Gemeinsam mit den Historikern Walter Schicho und Gerald Hödl, die beide an der Universität Wien tätig sind, sowie zwei Diplomstudierenden hat Martina Kopf Archive in Tansania, Senegal, England und Frankreich auf der Suche nach entwicklungspolitischen Konzepten und Praktiken durchforstet. Im Rahmen dieses vom Wissenschaftsfonds FWF geförderten Projekts fanden die Forscher heraus, dass die Geschichte der Entwicklungspolitik weiter zurückreicht als landläufig angenommen.

Sie beginne nämlich nicht erst mit der nach dem Zweiten Weltkrieg einsetzenden Dekolonisierung und dem Kalten Krieg, sondern bereits in den 1920er-Jahren. Schon damals haben die beiden größten Kolonialmächte in Afrika, Frankreich und Großbritannien, den Entwicklungsbegriff zur Legitimation ihrer Aktivitäten in den Kolonien verwendet. Erwartungsgemäß fanden die Wissenschafter in den offiziellen Dokumenten und Berichten zahllose Hinweise auf Rassismus und Paternalismus. "Zu unserer Überraschung stießen wir aber auch auf Ideen und Praktiken, die mit heutigen Begriffen als 'nachhaltige Entwicklung', 'fairer Handel' oder 'Hilfe zur Selbsthilfe' bezeichnet werden", berichtet die Afrikanistin. So habe sich etwa in Frankreich bereits in den 1920er-Jahren eine koloniale Lobby dafür eingesetzt, dass der französische Staat aus öffentlichen Geldern Entwicklungsmaßnahmen in Afrika finanziert.

Im Begriff "Entwicklung", wie er zu dieser Zeit verstanden wurde, verband sich der wirtschaftliche Nutzen der europäischen Metropolen mit einem von Europa aus geplanten und gesteuerten Fortschritt der Kolonien.

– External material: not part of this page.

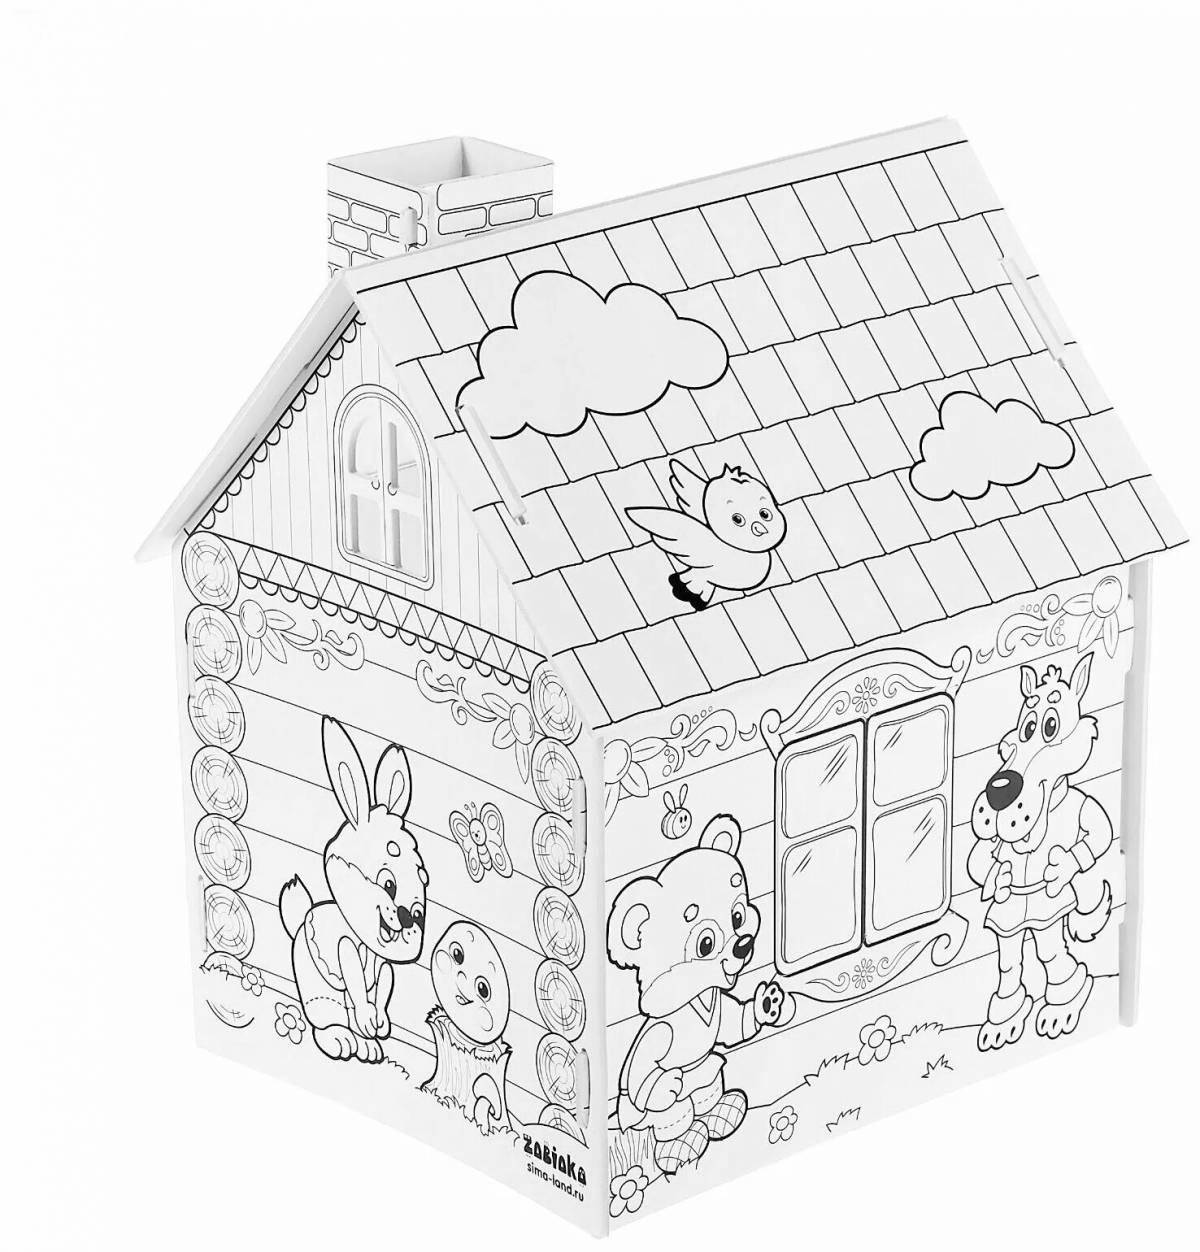 Coloring page magic cardboard house

Denn die Kolonialministerien hatten erkannt, dass man mehr aus den Kolonien mit all ihren Rohstoffen und Menschen herausholen kann, wenn man in Infrastruktur investiert und die dortige Ökonomie ausbaut. Der moralische Druck, sich als selbstlose Helfer darzustellen, kam erst einige Jahre später in die entwicklungspolitische Debatte.

In seinem 1922 erschienenen Hauptwerk konnte der britische Kolonialpolitiker und -ideologe Frederick Lugard deshalb noch bemerkenswert offen über die Ziele Europas in Afrika schreiben: "Es soll von Anfang an klar gesagt sein, dass europäisches Wissen, Kapital und Energie sich nie aus Motiven purer Philanthropie für die Entwicklung von Afrikas Ressourcen verwendet haben und dies auch niemals tun werden."

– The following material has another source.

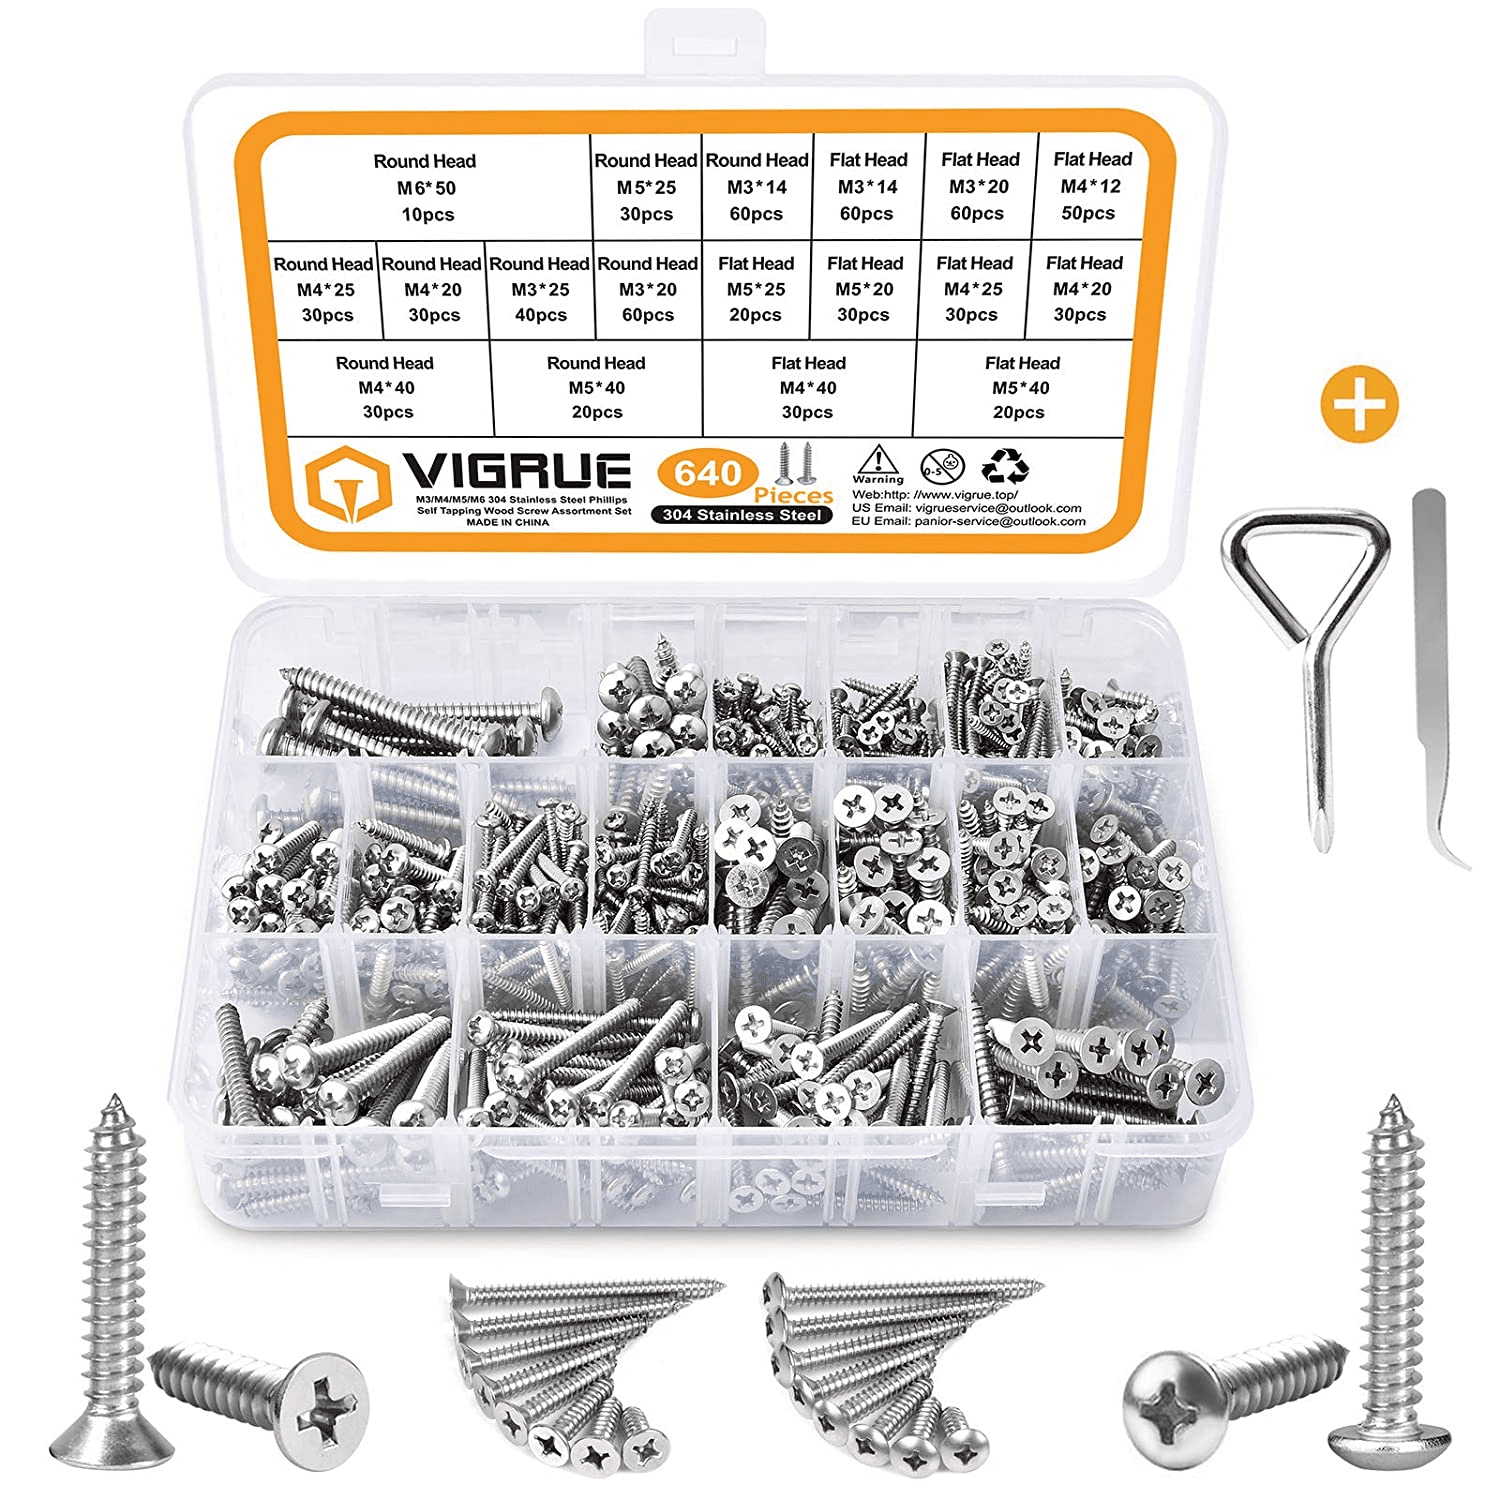 Box of 550 Assorted Trim Screws Stainless Steel Pozi Flange Self Tapping Screws

"Für die Kolonialmächte standen die Nutzung der afrikanischen Ressourcen, die Disziplinierung der dortigen Arbeitskräfte sowie die Bildung kleiner lokaler Eliten im Vordergrund", so Kopf und ihre Kollegen nach der historischen, sozial- und kulturwissenschaftlichen Analyse zahlloser Texte. "Diese frühen Formen der 'Entwicklungshilfe' waren prägend für die Interaktionen zwischen Europäern und Afrikanern." Charakteristisch für die Geschichte kolonialer Entwicklung sei auch die tiefe Kluft zwischen Diskurs und Handeln – "eine Eigenschaft", sagt Kopf, "die auch postkoloniale Entwicklungsregime kennzeichnet".

Lehrer und Kolonialbeamte

Um zu dieser Erkenntnis zu gelangen, haben die Forscher nicht nur Unmengen offizieller entwicklungspolitischer Dokumente von Regierungen und Kolonialministerien durchforstet, sondern auch literarische und autobiografische Berichte von Missionaren, Kolonialbeamten oder Lehrern. Die Positionen und Überlegungen aus den 1930er-Jahren, die sie etwa zu sozialer Entwicklung, Bildung, Geschlechterverhältnissen, aber auch Ökologie oder wirtschaftlichen Maßnahmen fanden, muten oft sehr modern an.

"Aber diese Überlegungen hatten mit der Praxis oft sehr wenig zu tun", konstatiert die Wissenschafterin.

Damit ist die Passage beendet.